In any case, the whole cycle ends with only 9 vector instructions, compared to 12 for the sum_int version sum_int generated by the compiler. He probably did not notice the general subexpressions x*initial_guess(x) that occur in the Newton-Raphson iteration formula when you multiply the result by x or something like that. It also does extra mulps instead of psrld because it does * 0.5 before converting to int. Thus, where the additional two mulps instructions come from, and there cmpps / blendvps.
sum_int_avx(float*): vpxor ymm3, ymm3, ymm3 xor eax, eax vbroadcastss ymm0, dword ptr [rip + .LCPI4_0] ; set1(0.5) vbroadcastss ymm1, dword ptr [rip + .LCPI4_1] ; set1(3.0) vpbroadcastd ymm2, dword ptr [rip + .LCPI4_2] ; set1(63) LBB4_1: ; latencies vaddps ymm4, ymm0, ymmword ptr [rdi + 4*rax] ; 3c vrsqrtps ymm5, ymm4 ; 7c vmulps ymm4, ymm4, ymm5 ; x*nr ; 5c vfnmadd213ps ymm5, ymm4, ymm1 ; 5c vmulps ymm4, ymm4, ymm5 ; 5c vcvttps2dq ymm4, ymm4 ; 3c vpsrld ymm4, ymm4, 1 ; 1c this would be a mulps (but not on the critical path) if we did this in the FP domain vpminsd ymm4, ymm4, ymm2 ; 1c vpaddd ymm3, ymm4, ymm3 ; 1c ; ... (those 9 insns repeated: loop unrolling) add rax, 16 cmp rax, 4096 jl .LBB4_1 ;... horizontal sum
IACA believes that indiscriminately, Haswell can maintain the throughput of one iteration in 4.15 cycles, a bottleneck on ports 0 and 1. Thus, you could shave the cycle by accumulating sqrt (x) * 2 (truncating to even numbers using _mm256_and_si256 ) and divide only into two outside the loop.
Also, according to IACA, the latency of one iteration is 38 cycles per Haswell.

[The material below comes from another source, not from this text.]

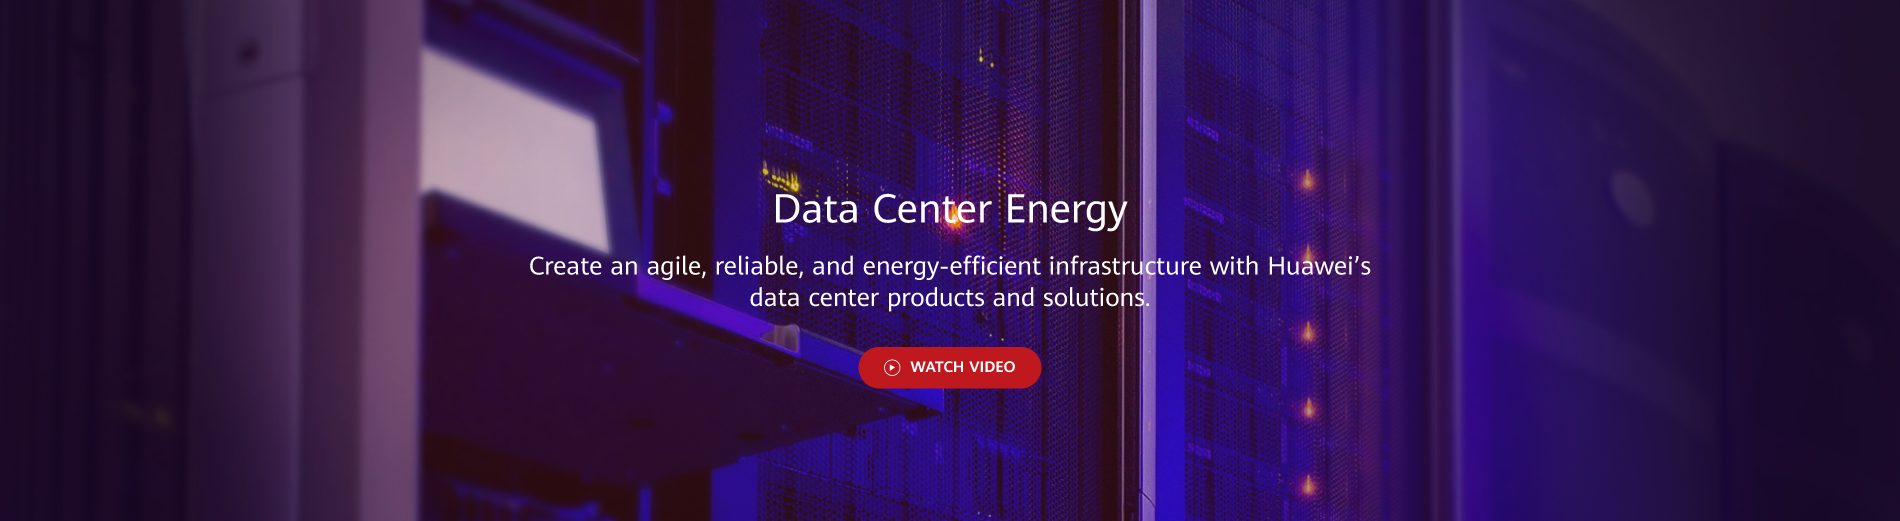 Huawei data center energy

I only get 31c, so it probably includes L1 download latency or something else. In any case, this means that in order to saturate the execution units, operations with 8 iterations must be in flight immediately. These are 8 * ~ 14 invalid domains uops = 112 unused-uops (or less with clang unroll), which should be in flight immediately. Haswell's planner is actually only 60 entries, but ROB has 192 entries . The early steps from the early iterations have already been completed, so they need to be tracked only in ROB, not in the scheduler. However, many of the slow uops are at the beginning of each iteration. Nevertheless, there is reason to hope that this will approach saturating ports 0 and 1. If data does not burn in L1 cache, cache / memory bandwidth is likely to be a bottleneck.
Alternating multiple chains of segments would also be better. When clang expands, it places all 9 instructions for one iteration before all 9 instructions for another iteration. It uses a surprisingly small number of registers, so one could have instructions for 2 or 4 iterations mixed together. This is what compilers should be good about, but which are cumbersome for people.: /
It would also be slightly more efficient if the compiler opted for single-mode addressing, so the load could be combined using vaddps . gcc does this.